Девушка почувствовала, что вот-вот заплачет, замолчала и, не глядя на де Ре, быстро пошла прочь, оставив его в полном оцепенении.
Рыцарь совершенно растерялся. Короткое, страшное детское воспоминание, против его воли вызванное в памяти, странным образом переплелось с этим проклятым англичанином, убитым просто, под горячую руку. Вдруг подумалось, что каких-то лет десять-двенадцать назад эти рыжие вихры так же топорщились на детской головёнке, которую заботливо и нежно прижимали к груди руки ласковые, материнские…

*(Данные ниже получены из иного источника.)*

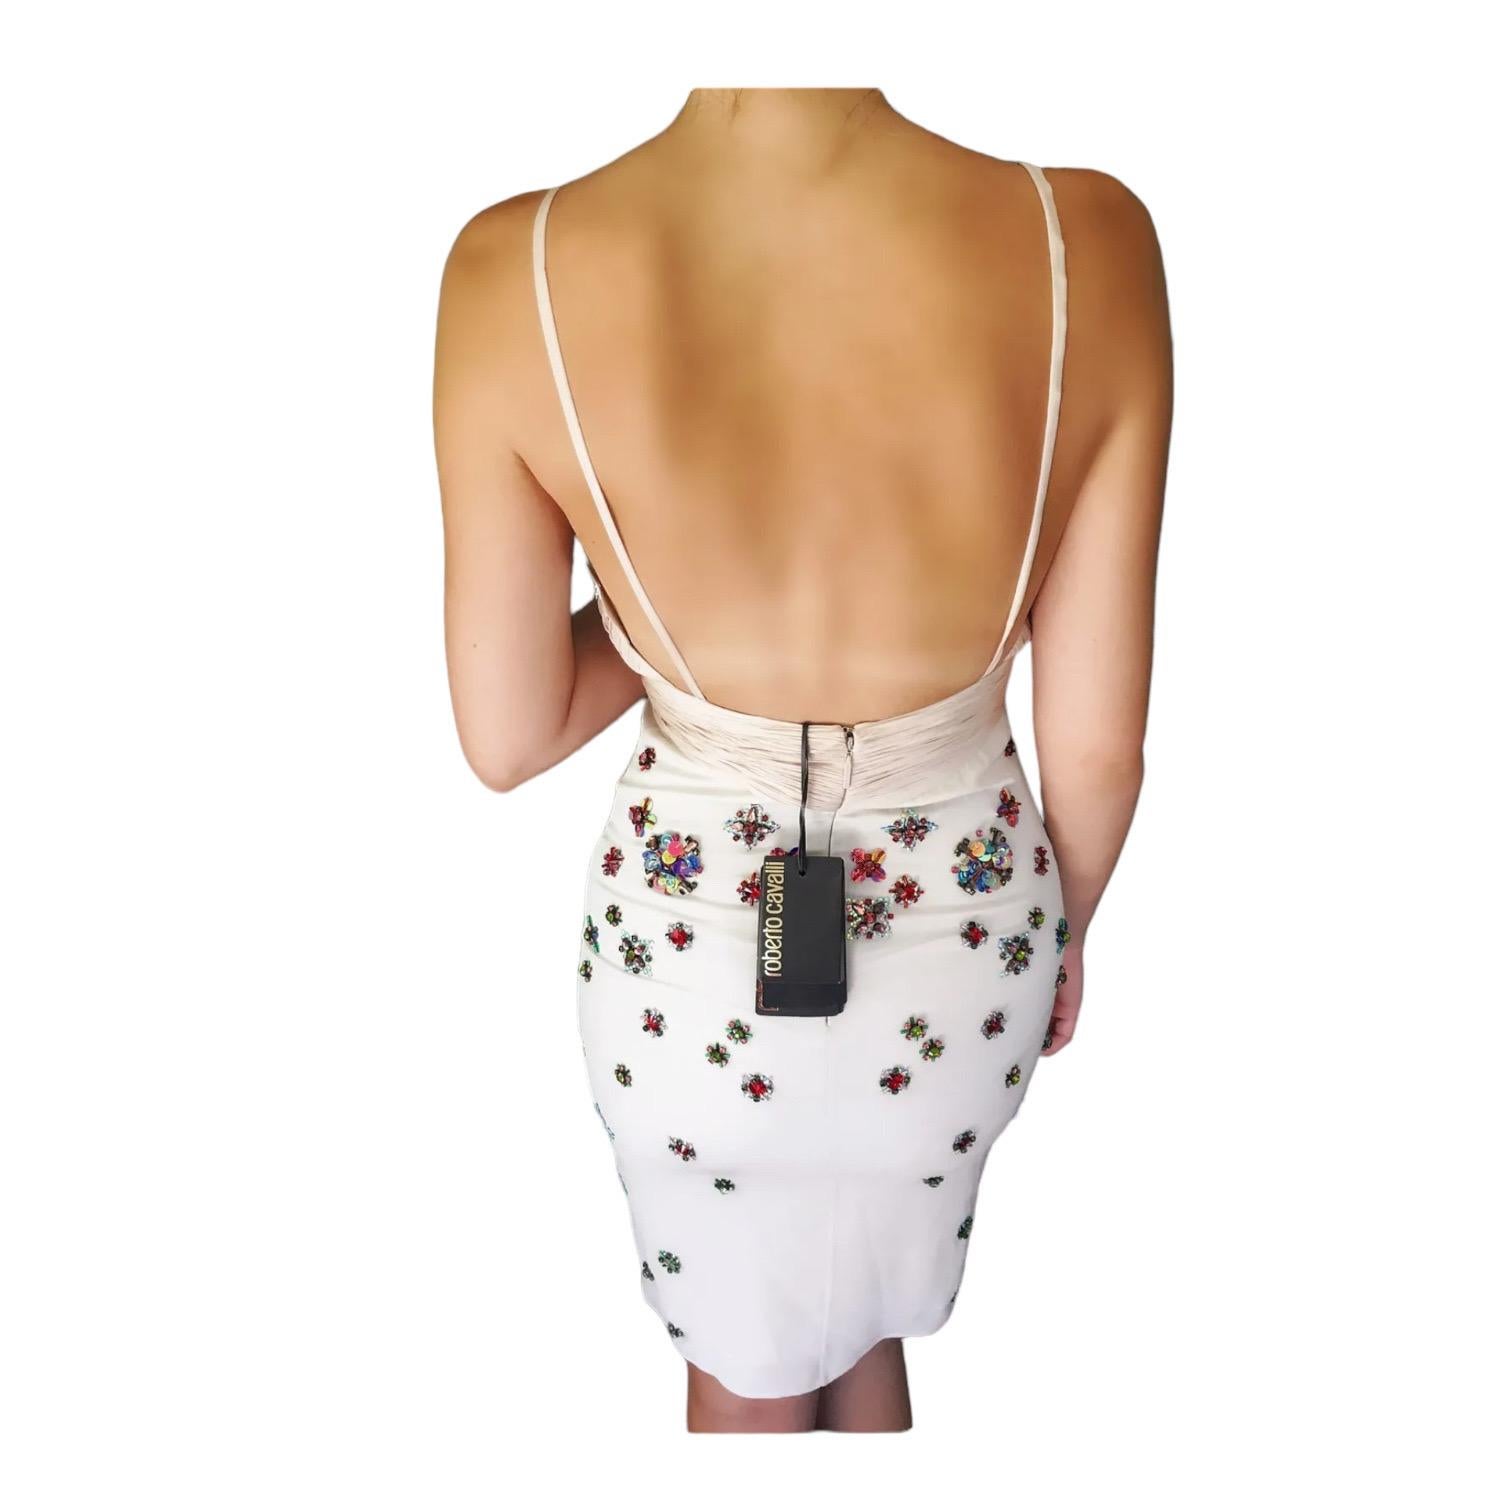 Roberto Cavalli Unworn c. 2012 Floral Embellished Plunging Open Back Dress In New Condition For Sale In Naples, FL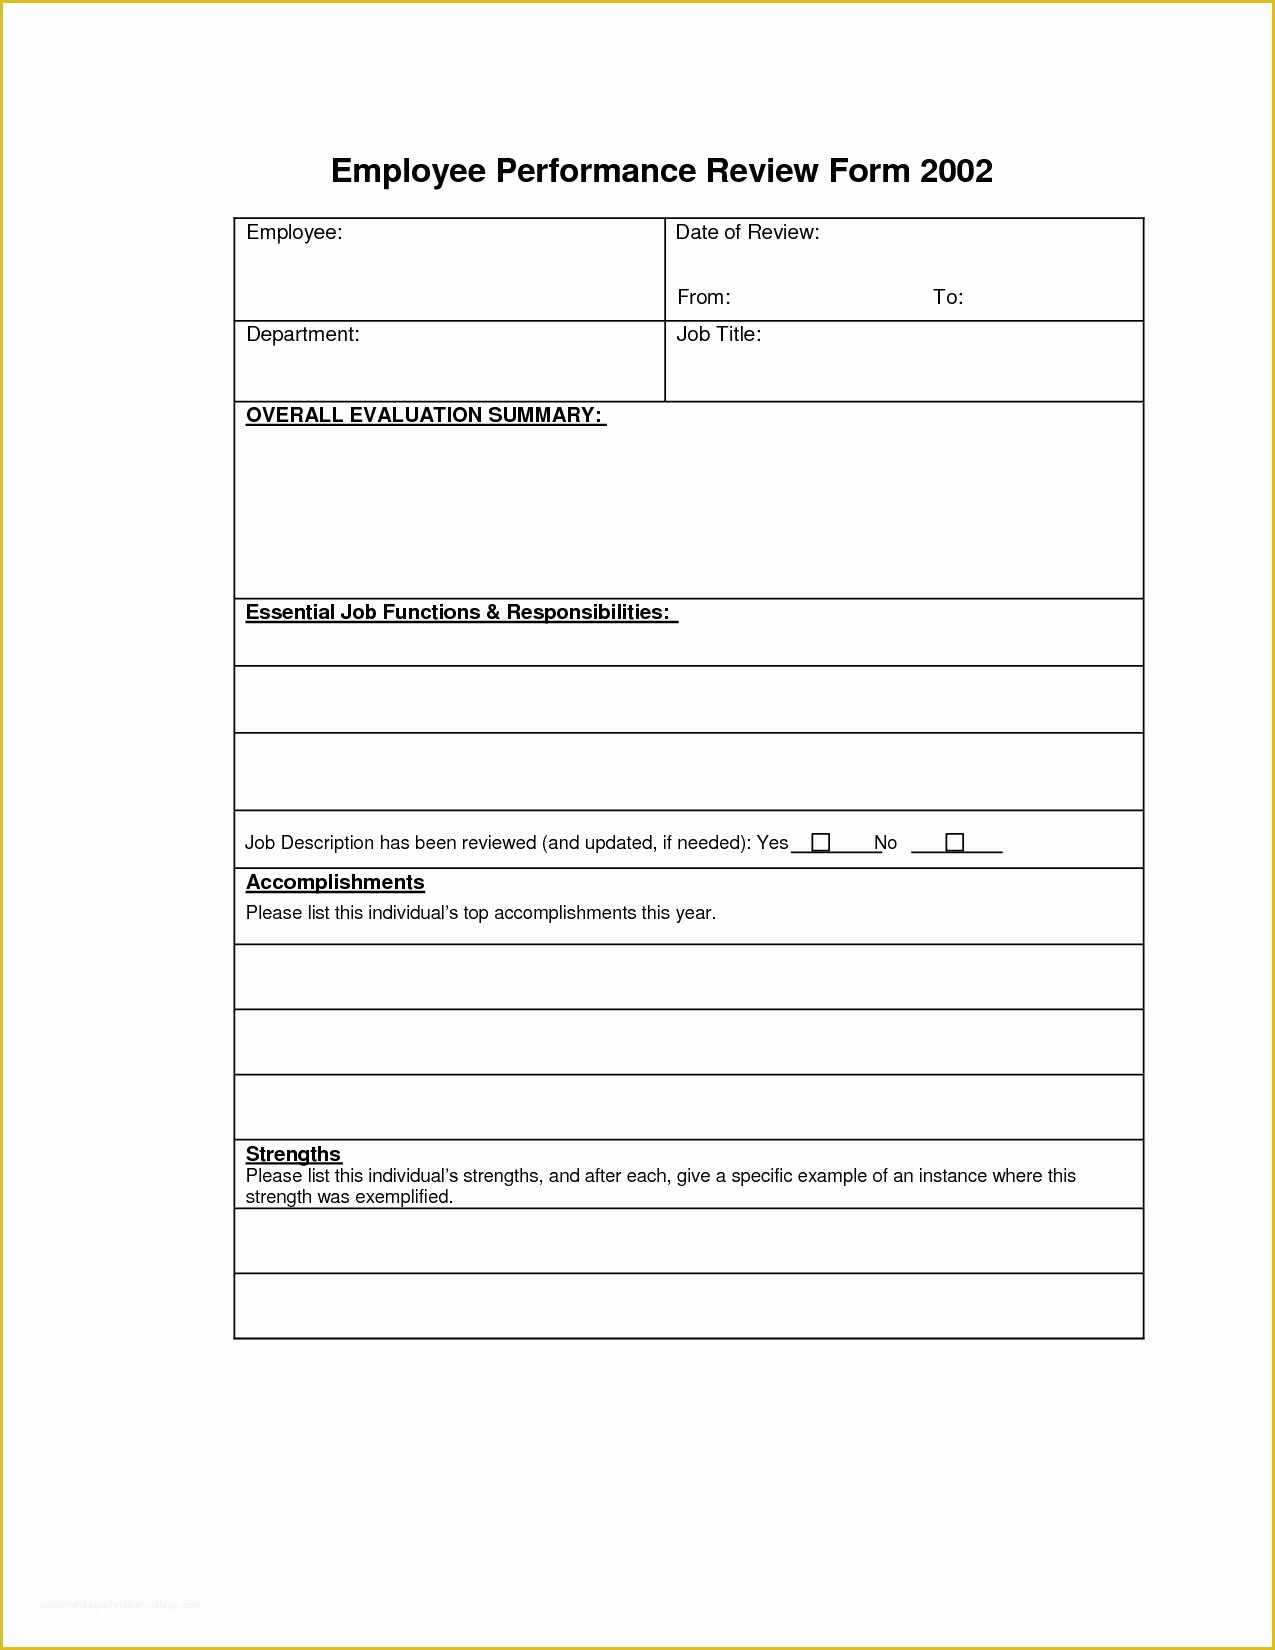 Employee Review form Template Free Of Performance Review Templates Free Portablegasgrillweber

– Сударь, позвольте, я уберу эту падаль, – вывел его из задумчивости голос какого-то солдата.
Де Ре подвинулся, освобождая дорогу, и почувствовал, что, именно сейчас, не в силах смотреть, как грубо и безразлично солдат хватает убитого за руку и волоком тащит его по церковному двору.
– Эй, ты! – крикнул он и запнулся.
Привычки всей прошлой жизни шепнули, что он сейчас будет нелеп и смешон. Но де Ре уже, с ужасом осознавал, что смотреть на многие вещи, как раньше не сможет, как бы ни старался…
– Ты слышал, что велела Дева? – зло сказал он. – Имей уважение к дому Божьему! Этот человек больше не враг, а ты всё ещё христианин. Похорони его, как положено…
Клод легко отыскала место, где оставила Раймона, раненного в ногу солдата и лошадей. Покинув церковный двор в крайнем смятении, она внезапно осознала, что должна теперь сделать, поэтому посоветовала Раймону уступить лошадь раненному, и идти им вместе с солдатами, которые вскоре поведут в город пленных, захваченных в Сен-Лу и возле церкви. Сама же ускакала к Орлеану, не дожидаясь никого. Сейчас, как никогда, она была не только готова выдержать новый взгляд подруги и выслушать все упрёки, но так же твёрдо, заявить, что без неё, Жанна больше ни в какой бой не пойдёт.
«Война – это лабиринт, – мысленно убеждала подругу Клод. – Входят в него со множеством мыслей, чувств, убеждений, но выход один – через потерю самого себя. Никто не может оставаться прежним, убив себе подобного, ни тот, кто убивает собственной рукой, ни тот, кто ведёт на бой целое войско. Любой потеряется среди поворотов от человека к врагу, от сострадания и великодушия к горю и мести, от здравого смысла к победе любой ценой. И, если тебе суждено заблудиться, я лучше буду рядом, чем встречу на выходе ту Жанну, которой ты станешь!»…
– Хорош Луи! Бросил меня тут одного.., – кряхтел, между тем, оставленный Раймон, пытаясь затащить солдата на лошадь. – Ты такой тяжёлый.., вдвоём мы бы и то не справились, а он хочет, чтобы я один…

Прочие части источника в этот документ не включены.